Local enthusiasts don’t have to fear account banning.

jacquesm · 2026-03-27T03:50:27 1774583427

Some of those local model enthusiasts can actually afford solar panels.

jLaForest · 2026-03-27T04:18:00 1774585080

You are still incurring a cost if you use the electricity instead of selling it back to the grid

Kodiack · 2026-03-27T04:26:11 1774585571

The extent of that heavily depends on where you are. Where I live in NZ, the grid export rates are very low while the import rates are very high.

Our peak import rate is 3x higher than our solar export rate. In other words, we’d need to sell 3 kWh hours of energy to offset the cost of using 1 kWh at peak.

We’re currently in the process of accepting a quote for home batteries. The rates here highly incentivise maximising self-use.

jacquesm · 2026-03-27T12:43:03 1774615383

Selling it back to the grid is something that is still possible but much, much less of a financially sound proposition than it was a few years ago because of regulatory capture by the utilities. In some places it is so bad that you get penalized for excess power. Local consumption is the fastest way to capitalize on this, more so if you can make money with that excess power.

dmichulke · 2026-03-27T04:59:21 1774587561

Luxembourg: Purchase price = 2 x sales price, mostly due to grid costs.

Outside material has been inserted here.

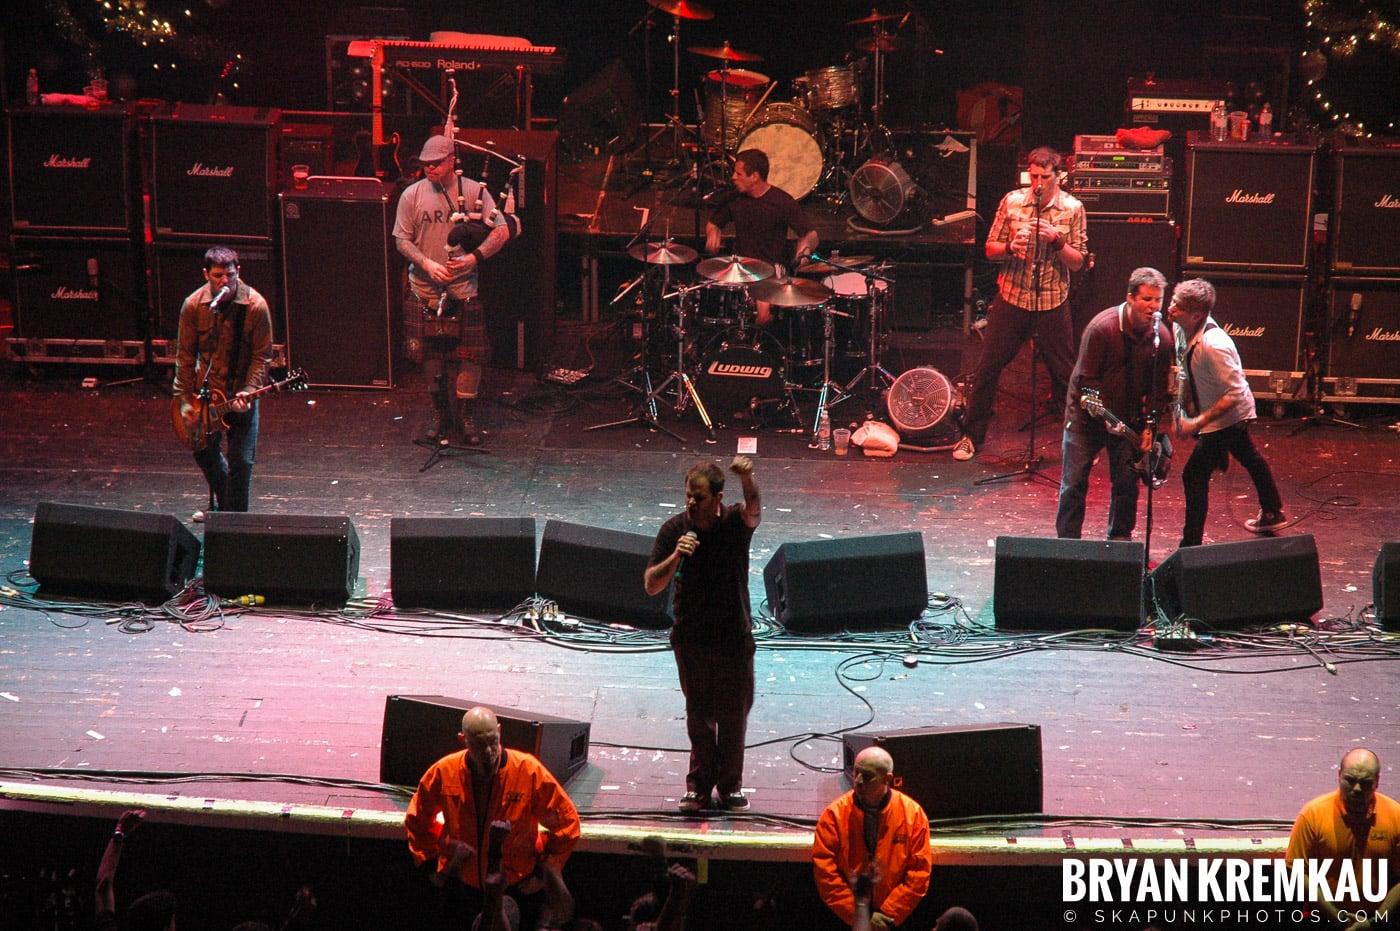 Dropkick Murphys @ Brixton Academy, London UK - 12.19.05 (4)

And this is with no income tax or VAT on sold electricity.

pbhjpbhj · 2026-03-27T13:58:09 1774619889

Is it economies of scale, or is it unpaid externalities?

atoav · 2026-03-27T02:18:10 1774577890

It means that the electricity you would have to pay if you did the computations yourself would be more expensive than paying them to do it. Part of thst has to do with the fact that China has cheap electricity, also due to their massive push into renewables. Part of that is just economies of scale. A big server farm can run more efficiently than your PC on average.

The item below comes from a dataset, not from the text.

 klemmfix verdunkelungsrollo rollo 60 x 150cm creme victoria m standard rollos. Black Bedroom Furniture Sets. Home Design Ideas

AuthAuth · 2026-03-27T03:53:16 1774583596

cheap electric due to their massive push on non renewables. There has been no change in the price of electricity during the renewable shift.

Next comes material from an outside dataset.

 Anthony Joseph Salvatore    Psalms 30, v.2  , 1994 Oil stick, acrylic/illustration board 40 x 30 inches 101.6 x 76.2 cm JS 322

atoav · 2026-03-28T02:14:27 1774664067

Normslly you'd expext that more (and cheaper) supply would drive down prices. Classic market logic.

How do do you explain that this market logic ceases to exist for renewables only? A whopping ~2TW or ~35% of generated power in China is renewable and since renewable energy is roughly 1.5 to 4 times cheaper than e.g. coal per kW/h produced that ought to have some impact.

If it has not I'd be curious in your explaination of the mechanism involved.

AuthAuth · 2026-03-30T01:23:11 1774833791

China's power price has never reflected market costs. But the reason why you arent seeing it drop with so much renewables added is because your numbers are wrong. Its about 20-25% generated as renewables over the past 5 years and while a lot of renewable capacity and non renewable capacity has been added the power demand has raised to match. When we look at the current demand its a near inf scale whatever is available modern industry will consume.

When we compare this to the power boom in the 2000s they were able to build enough energy generation to meet demand and were able to drive the price down from 30c rural and 17c city to 8cents for both.

jojobas · 2026-03-27T01:32:15 1774575135

China has cheap electricity.

ericd · 2026-03-27T01:40:55 1774575655

Well, also, LLM servers get much more efficient with request queue depth >1 - tokens per second per gpu are massively higher with 100 concurrents than 1 on eg vllm.

DeathArrow · 2026-03-27T08:42:13 1774600933

Yes, but the hardware they use for inference like Huawei Ascend 910C is less efficient than Nvidia H100 used in US due to the difference in the process node.

alifeinbinary · 2026-03-27T16:01:17 1774627277

All those parameters and it still won't answer questions about Tianenman Square in 1989... :(

viktorcode · 2026-03-27T16:34:18 1774629258

It will. The web chat has censorship features, but the model you can download doesn't.